THE APPROPRIATE REGULATION of androgen activity is necessary for a range of developmental and physiological processes, particularly male sexual development and maturation, as well as the maintenance of male reproductive organs and of spermatogenesis (1, 2, 3, 4). The principle steroidal androgens, testosterone (T) and its metabolite 5{alpha}-dihydrotestosterone (DHT), are thought to predominantly mediate their biological effects through binding to the androgen receptor (AR). AR, in common with other members of the nuclear receptor superfamily, functions as a ligand-inducible transcription factor. The binding of T or DHT to AR induces receptor dimerization, facilitating the ability of AR to bind to its cognate response element and recruit coregulators to promote the expression of target genes (1, 5, 6, 7). In addition to this transcriptional or genomic mode of action by steroids, an increasing body of evidence suggests that androgens, like progesterone and estrogen, can exert rapid, nongenomic effects (8, 9, 10). Nongenomic steroid activity typically involves the rapid induction of conventional second messenger signal transduction cascades, including increases in free intracellular calcium, and activation of protein kinase A (PKA), protein kinase C (PKC), and MAPK. Second messenger induction by nongenomic steroid action is insensitive to inhibitors of transcription and translation. Commonly, these effects are observed to occur within seconds to minutes, considered to be too rapid to involve changes in transcription and protein synthesis. For example, the production of full-length mRNA of immediate early genes, such as c-fos, is observed 5–10 min after stimulation, with c-fos protein detectable 30–45 min after stimulation (11). The initiation of these second messenger cascades may ultimately serve to modulate the transcriptional activity of AR or other transcription factors. The nongenomic action of androgens has been implicated in a number of cellular effects, including gap junction communication, aortic relaxation, and neuronal plasticity (12, 13, 14, 15). However, some of these experiments were conducted at unphysiologically high levels of androgen (10 µM–1 M T or DHT). The biological relevance of such observations is not clear, and these effects are not included in this review.

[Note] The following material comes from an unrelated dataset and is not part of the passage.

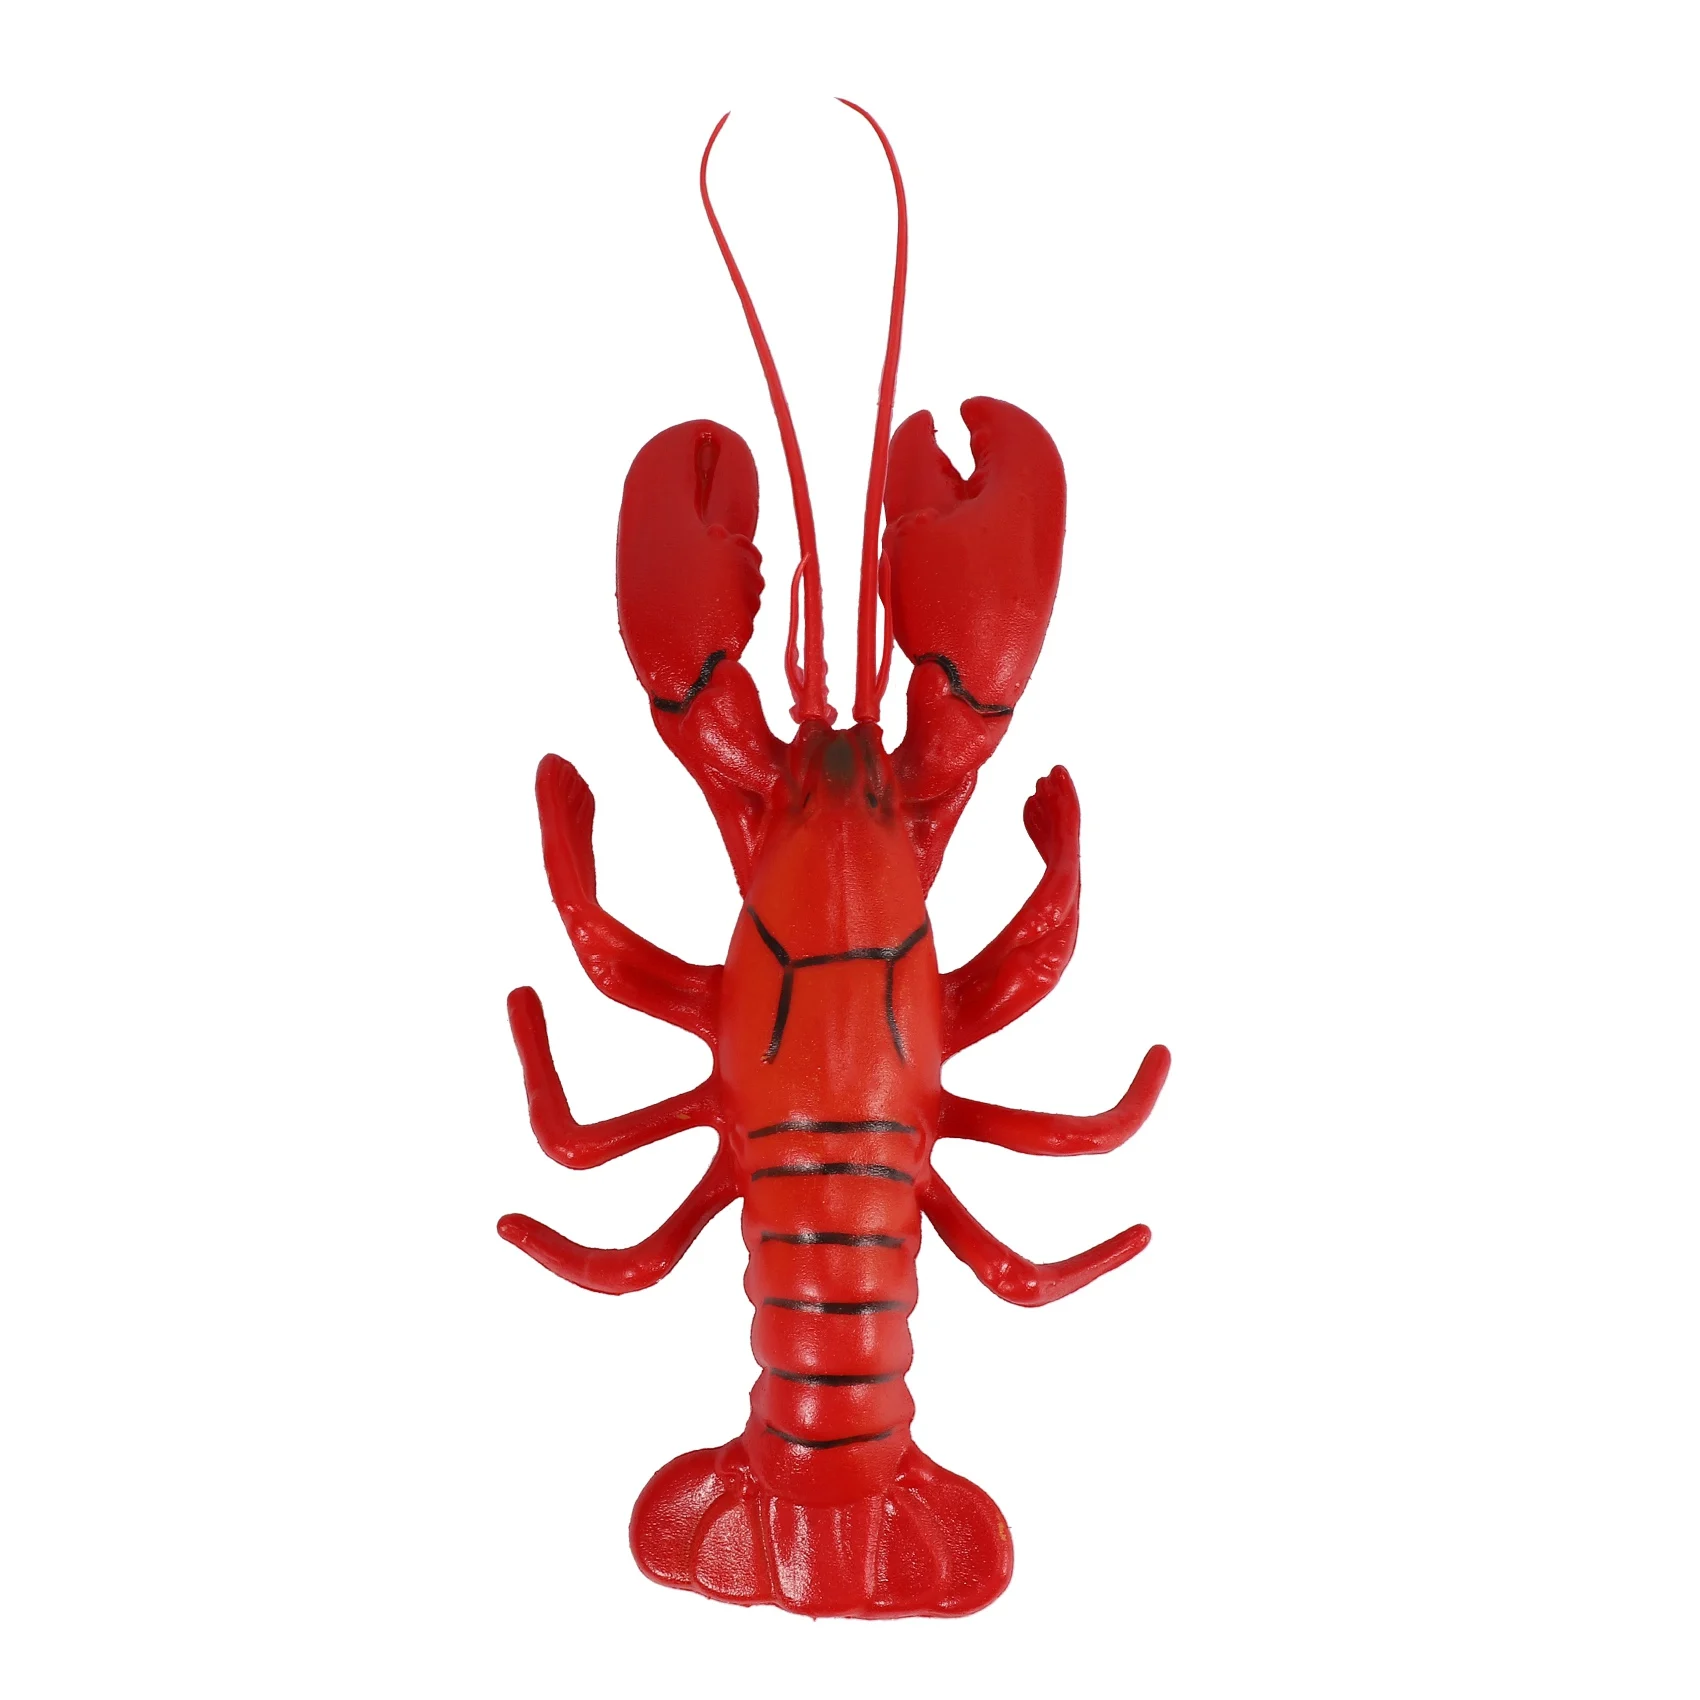 

12 x 5 inch Big Fake Lobster Model for Dispaly Artificial Marine Animals Decoration

The nongenomic effect of steroids could potentially be induced directly by the steroid in the absence of a receptor, through a nontranscriptional effect of the classical steroid receptor, or by a distinct nonclassical receptor that is possibly associated with the plasma membrane. Hydrophobic steroids, including estrogen, progesterone, T, and DHT can interact with the polar heads of membrane phospholipids to influence membrane fluidity (16, 17, 18). However, in these studies membrane fluidity was only altered at unphysiologically high levels of steroids (10–100 µM) (17, 18), raising doubts as to whether this contributes a significant effect in vivo. To date, the reported nongenomic effects of steroids at physiological concentrations appear to be receptor mediated. AR, the progesterone receptor (PR), and the estrogen receptor (ER) are able to activate the MAPK ERK through a mechanism independent of their transcriptional activity (19, 20, 21). In addition to the classical AR, androgens can also stimulate second messenger cascades through at least one membrane receptor. Membrane receptor-mediated events are typically not blocked by antagonists of the classical AR, can be observed in AR-negative cells, and can be stimulated by T coupled to high molecular weight compounds such as BSA that retard its diffusion across the cell membrane. Consistent with this mode of action, T and DHT can activate cAMP and PKA through the sex hormone binding globulin (SHBG) receptor. Androgens have also been observed to stimulate an elevation in intracellular Ca2+ through a G protein-coupled receptor, although it remains to be determined whether this receptor is distinct from the SHBG receptor. The nongenomic, rapid stimulation of second messenger cascades by androgen may ultimately exert a biological effect through modulation of the transcriptional activity of AR or other transcription factors. Such modulation may occur through direct phosphorylation of transcriptional activators or their coregulators.

NONGENOMIC ACTION BY AR

Recently, AR, PR, ER{alpha}, and ERß have been found to interact with the intracellular tyrosine kinase c-Src, triggering c-Src activation (19, 20, 21). c-Src is normally targeted to the inner surface of the plasma membrane by myristylation and palmitoylation of its amino terminus. The tyrosine kinase activity of c-Src is autoinhibited by the interaction between the tryosine kinase domain and the Src homology 2 (SH2) and Src homology 3 (SH3) domains. Disruption of these intramolecular interactions by proteins binding to the SH2 or SH3 domains, or through dephosphorylation tyrosine 527 of the SH2 domain, results in activation of the c-Src kinase. One of the targets of c-Src is the adapter protein Shc, an upstream regulator of the MAPK pathway. The c-Src-mediated activation of MAPK is involved in multiple cellular processes, including migration, proliferation, and differentiation (22, 23).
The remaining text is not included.